> **GOAL OF THE EXERCISE**
Every word in the data below belongs in your copy, exactly as given; the pictures do not.
START DATA SHOWN
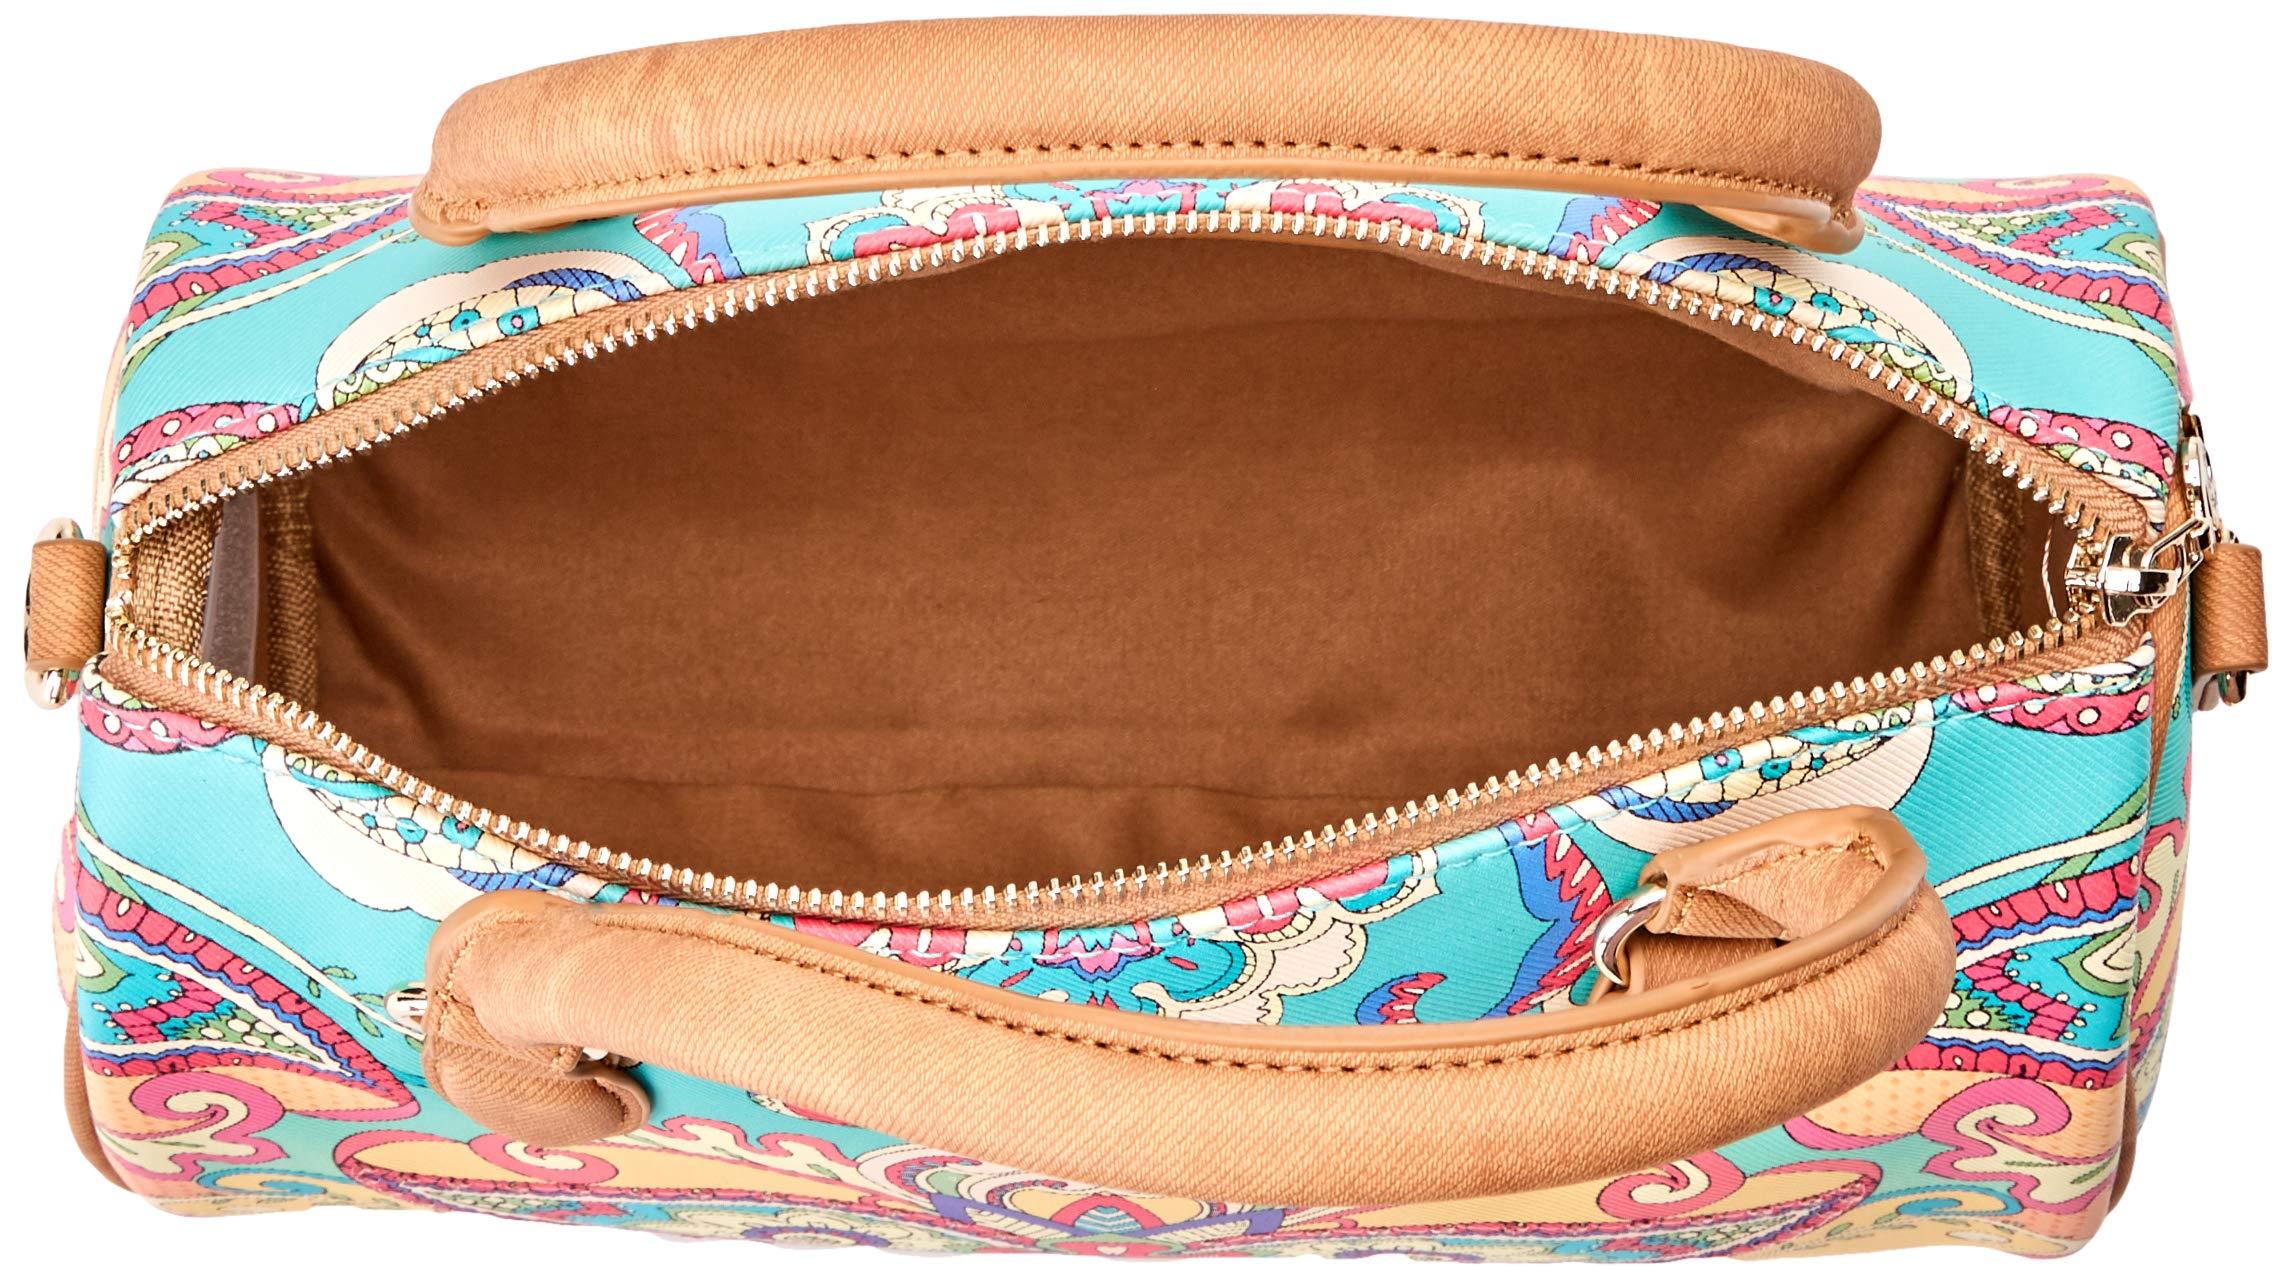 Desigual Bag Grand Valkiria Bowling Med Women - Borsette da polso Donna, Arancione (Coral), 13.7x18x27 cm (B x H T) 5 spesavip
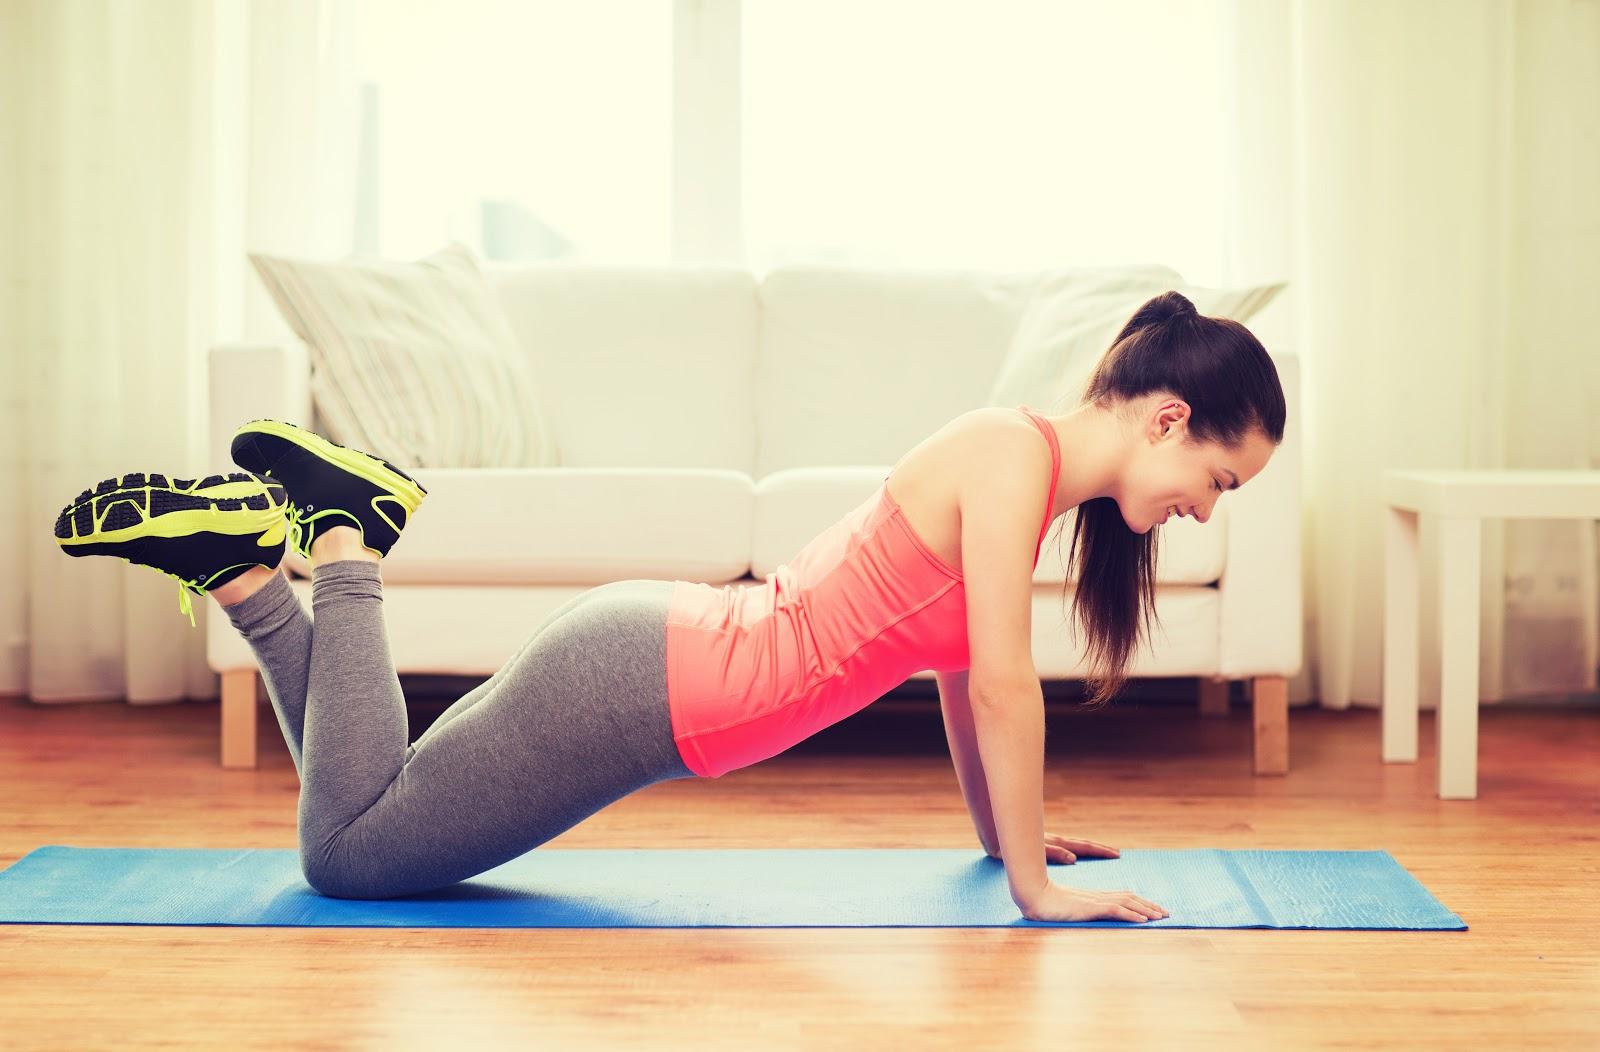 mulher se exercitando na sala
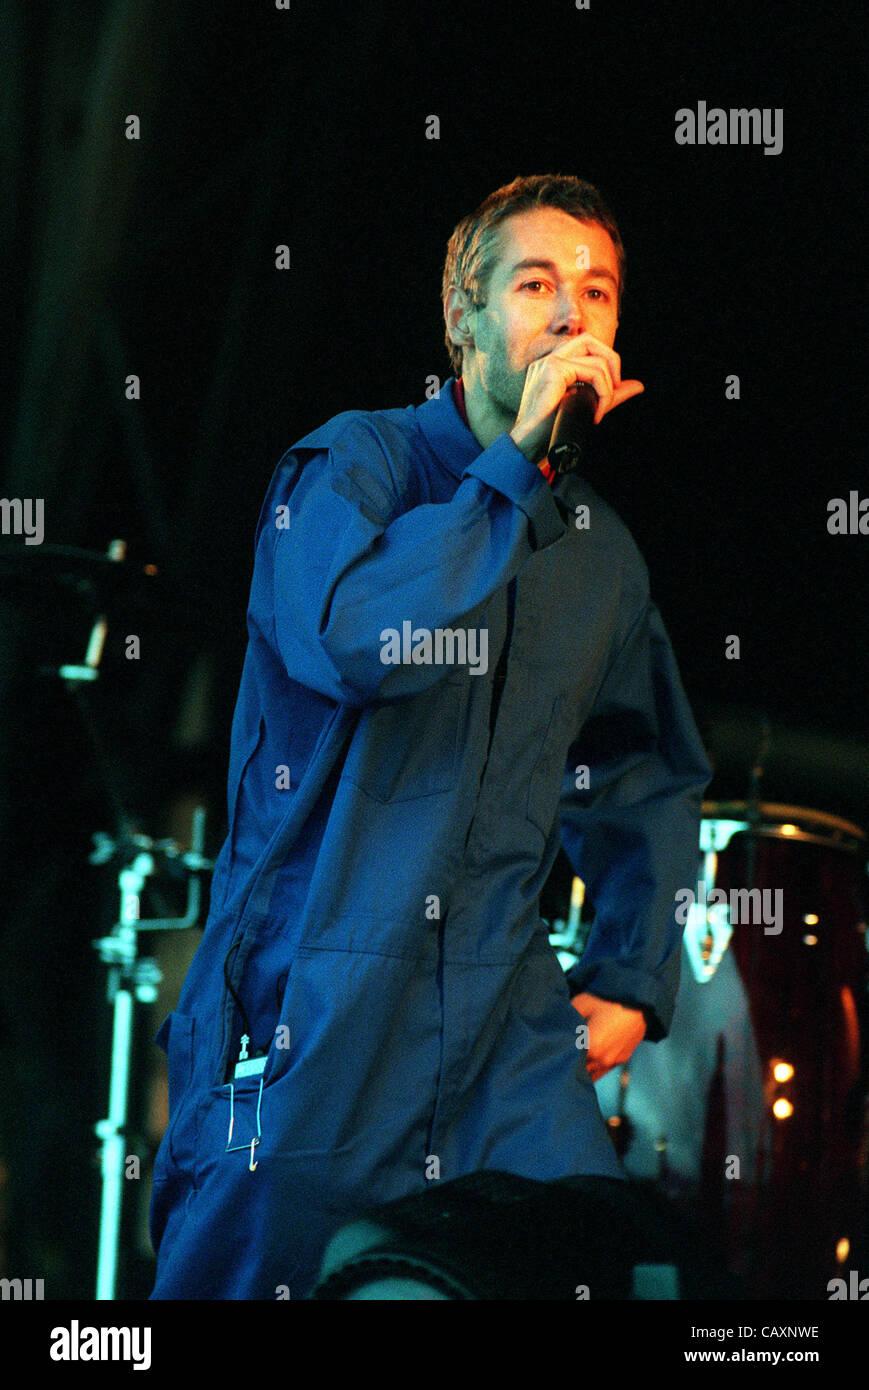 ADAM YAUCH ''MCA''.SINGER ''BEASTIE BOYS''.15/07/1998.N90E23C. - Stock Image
END DATA SHOWN
> **RESPONSE TO THIS EXERCISE**
 Desigual Bag Grand Valkiria Bowling Med Women - Borsette da polso Donna, Arancione (Coral), 13.7x18x27 cm (B x H T) 5 spesavip
 mulher se exercitando na sala
 ADAM YAUCH ''MCA''.SINGER ''BEASTIE BOYS''.15/07/1998.N90E23C. - Stock Image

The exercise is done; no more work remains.